We switched from List<Edge> to  Map<Integer, Edge> in adjacency list.

The complexity of calculating the result is O(deg(x)) which is O(M).


Optimizations


Optimizations outlined in the editorial are


Caching query results


We cache the results in a 2D map, Map<Integer, Map<Integer, Long>>.

Selecting the node with smaller degree


We check adjacency list size to pick start node with fewer neighbors.

Solution


The new version for the query logics is

Map<Integer, Map<Integer, Long>> results = new HashMap<>();

public long passengers(int x, int y) {
if (adjacency.get(x).size() > adjacency.get(y).size()) {
return passengers(y, x);
}
// assert x has fewer neighbors than y

return results.computeIfAbsent(x, x2 -> new HashMap<>())
.computeIfAbsent(y, y2 -> computePassengers(x, y));
}

private long computePassengers(int x, int y) {
long p = 0;
for (Edge leg1: adjacency.get(x).values()) {
if (leg1.b == y) {
p += 2 * leg1.capacity;
continue;
}

Edge leg2 = adjacency.get(leg1.b).get(y);
if (leg2 == null) {
continue;
}

p += Math.min(leg1.capacity, leg2.capacity);
}
return p;
}

Conclusion


Simple approaches did not fit problem constraints.

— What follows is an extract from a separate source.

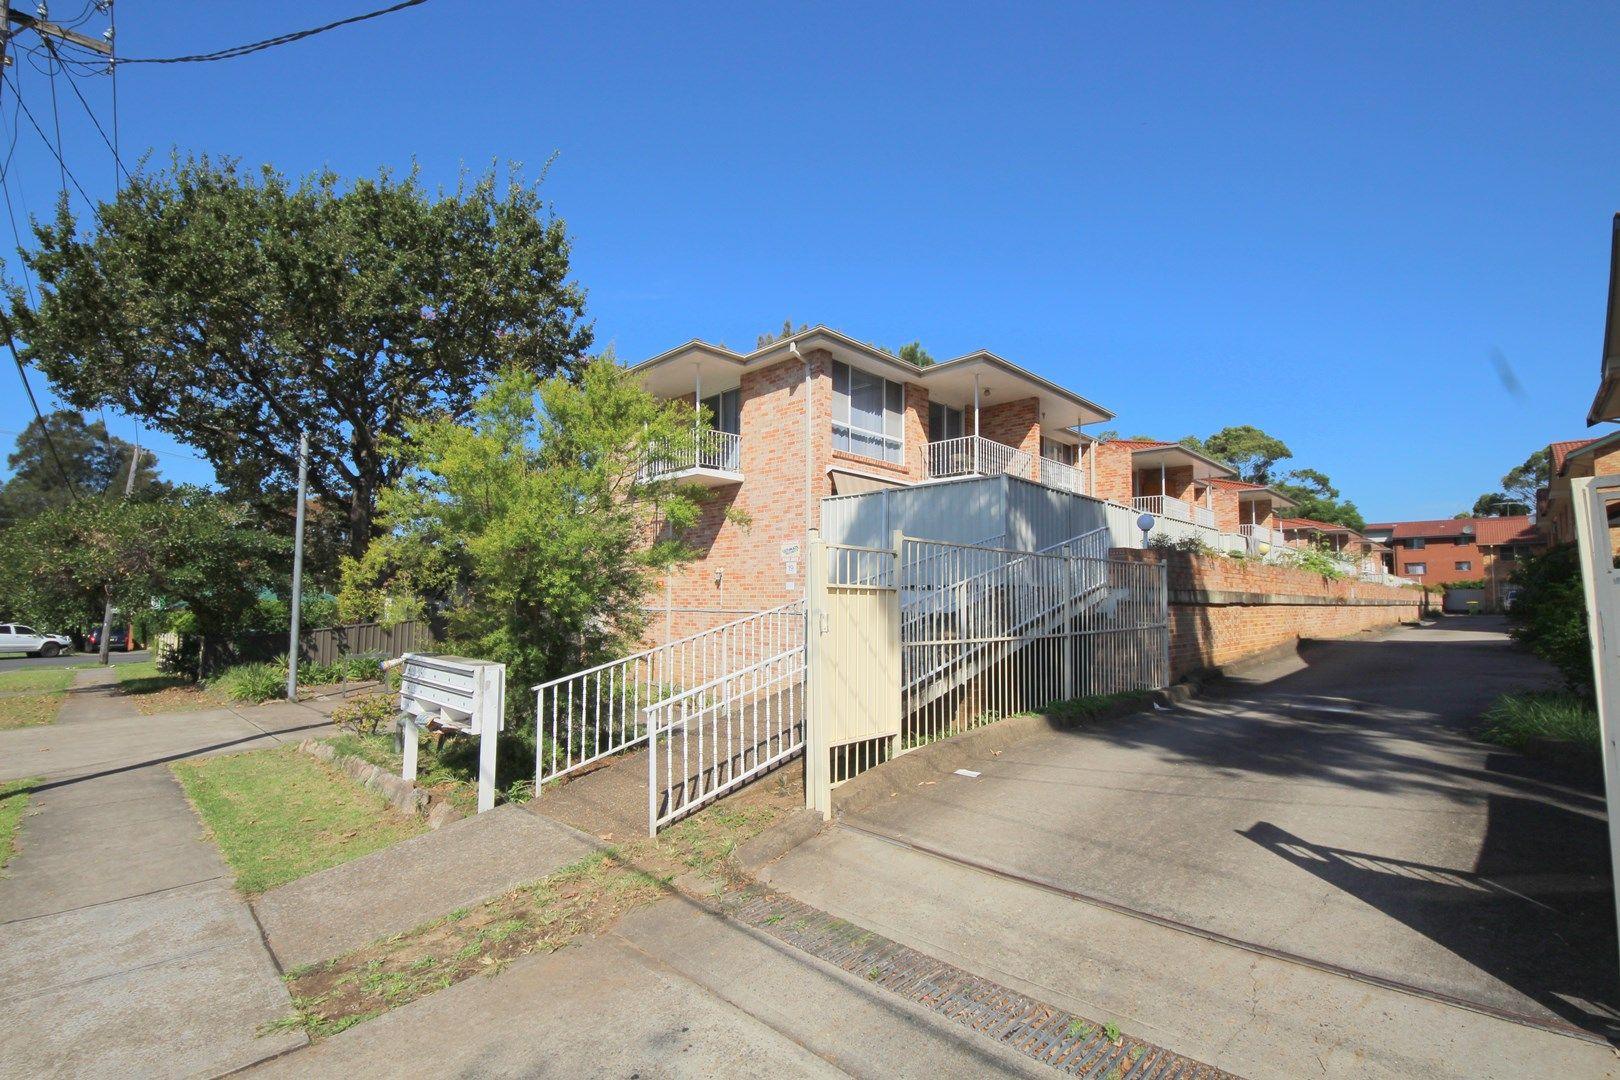 2/19 Dellwood Street, Bankstown NSW 2200, Image 0

We looked at doing offline computation. To get query in O(1), caching all values required O(N^2) space complexity. Calculating them was O(M^2) runtime complexity. Both size are impractical.

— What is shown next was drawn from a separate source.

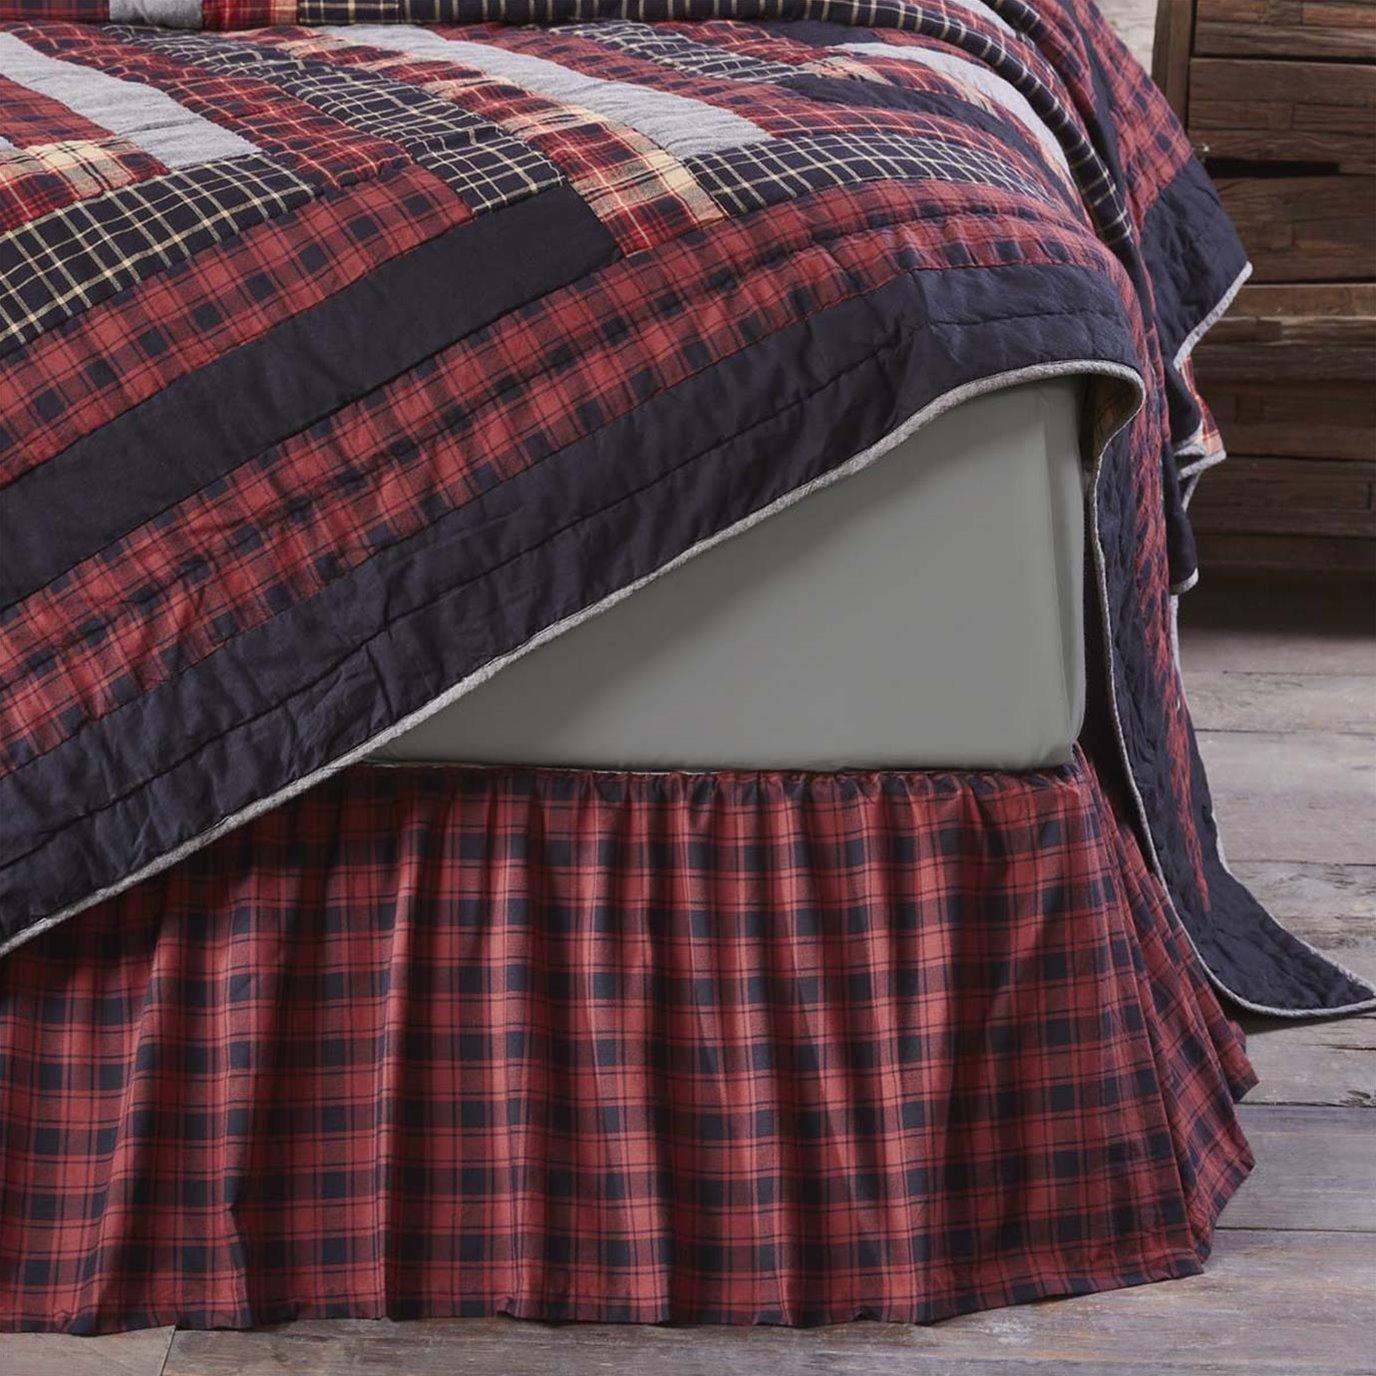 Cumberland King Bed Skirt 78x80x16

For online computation, 1 query's runtime was at first O(M) with optimized data structure using map in adjacency list.

It turned out that simple further optimizations such as caching previous queries and picking node with smaller degree did the trick to reduce overall runtime from O(Q*M) down to O(Q^(1/2)*M).